Sandeep, I read the document this past week. I found the claim that the TS and SA details were worth optimizing to be surprising.
So I counted the size of the CHILDSA proposal.
This means the SAi2, TSi and TSr in the initiator,
With the responder providing SAr2, TSi and TSr.
HDR, SK {N(REKEY_SA), SA, Ni, [KEi,]
TSi, TSr} -->
TSx = 8 (header) + 8 + 8 = 24 (IPv4)
8 + 8 + 32 = 48 (IPv6)
SAi2= 8+4(SPI) + transforms
transforms = 8+ 4(cipher)+ 4(integ) = 16 bytes
total = 28 bytes.
Ni = 4 + nonce-size (16+ bytes)
N(REKEY_SA) = 8 bytes.
total: SAi2 (28bytes) plus 2x TSx 24 * 2 + Ni 20 bytes + N 8= 104 bytes (IPv4).
SAi2 (28bytes) plus 2x TSx 48 * 2 + Ni 20 bytes + N 8= 152 bytes (IPv6).
I have not included KEi, as you did in your section 3.2.1, because I assume
that if computation and netweork resources are at premium, that doing
additional exponentiation is inappropriate.

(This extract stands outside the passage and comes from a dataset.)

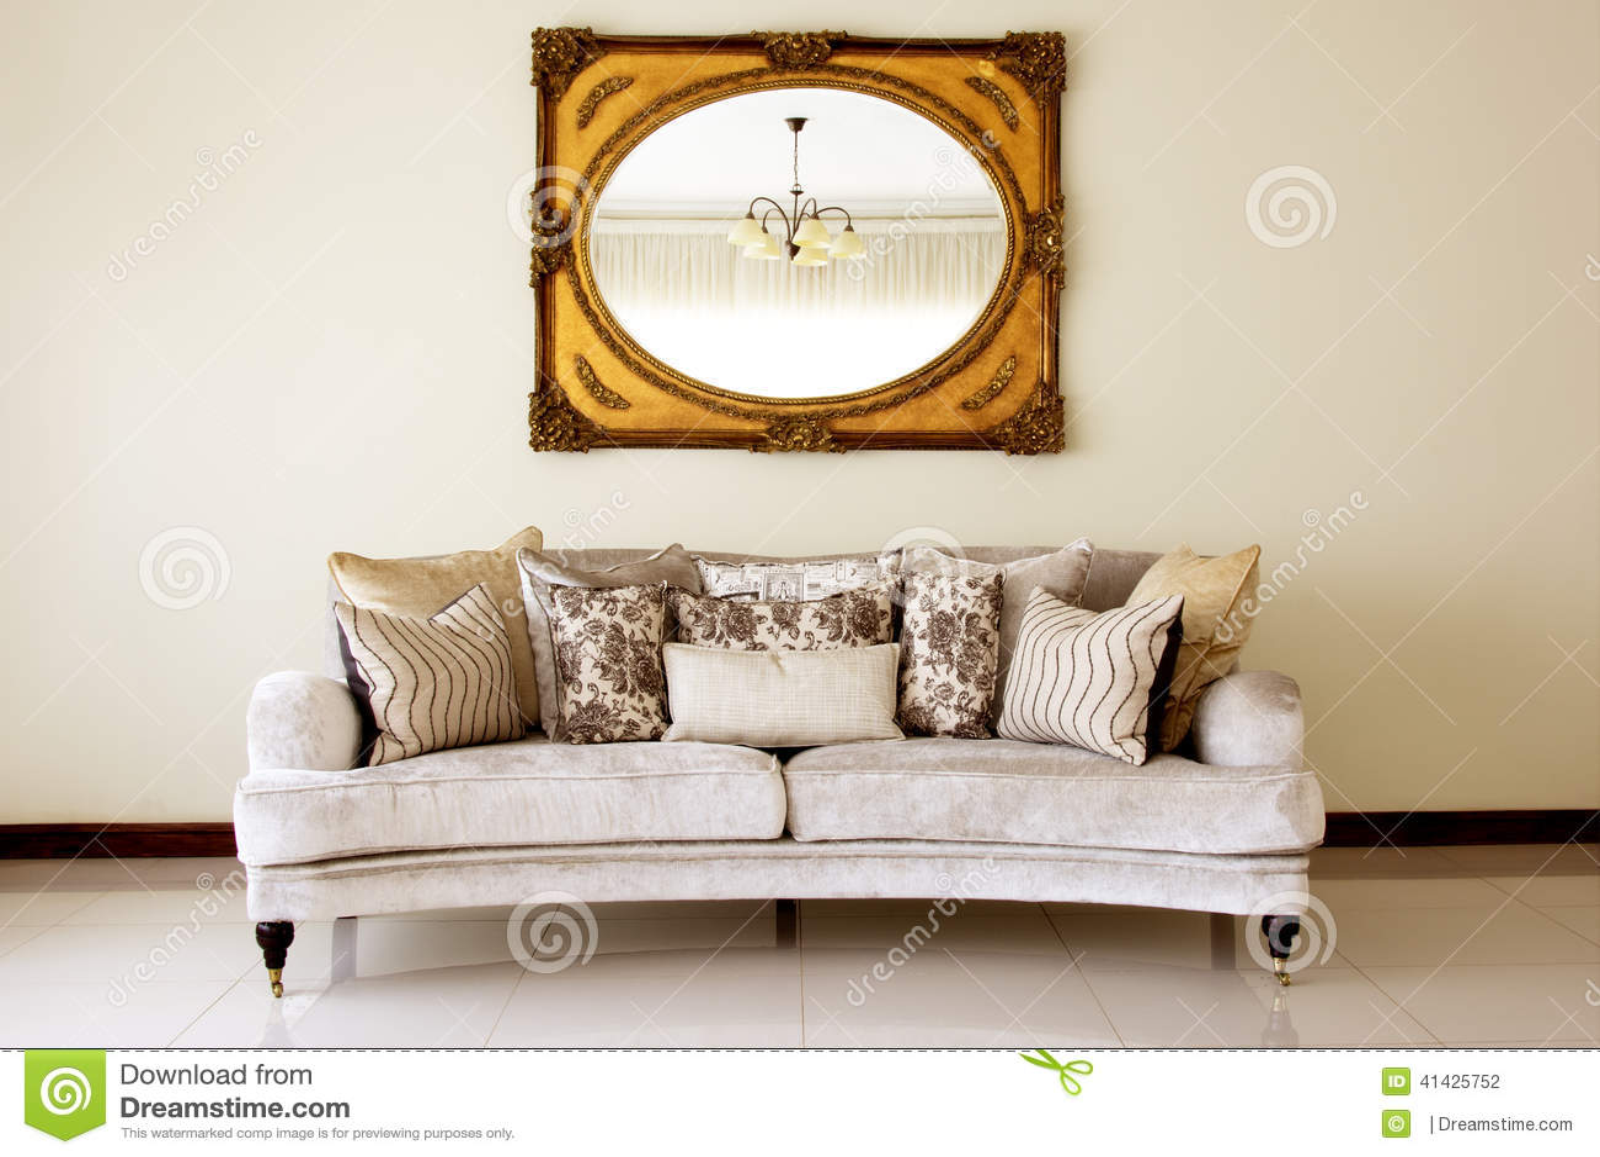 Кресло с зеркалом

Maybe a new DH every N rekeys.
KEx = 8 + 32 bytes (256-bit ECDSA) = 40 bytes.
potentially there are some notifications, at 8 bytes each, potentially
longer. Replacing this with a single 16-byte Notify would be a win on
total bytes, but as it does not reduce the number of packets at all, I'm
still having difficulty believing it really matters.
It might be worth putting the nonce into the SA_TS_UNCHANGED payload, as that
saves another 4 bytes.
A new Ni/Nr is needed each time as the child SA key derivation needs that
freshness. So, the math is:
all ts-opt all-ke ts-opt-ke
IPv4: 104 36 144 74
IPv6: 152 36 202 74
{There are some assumptions that I have made in this calculation.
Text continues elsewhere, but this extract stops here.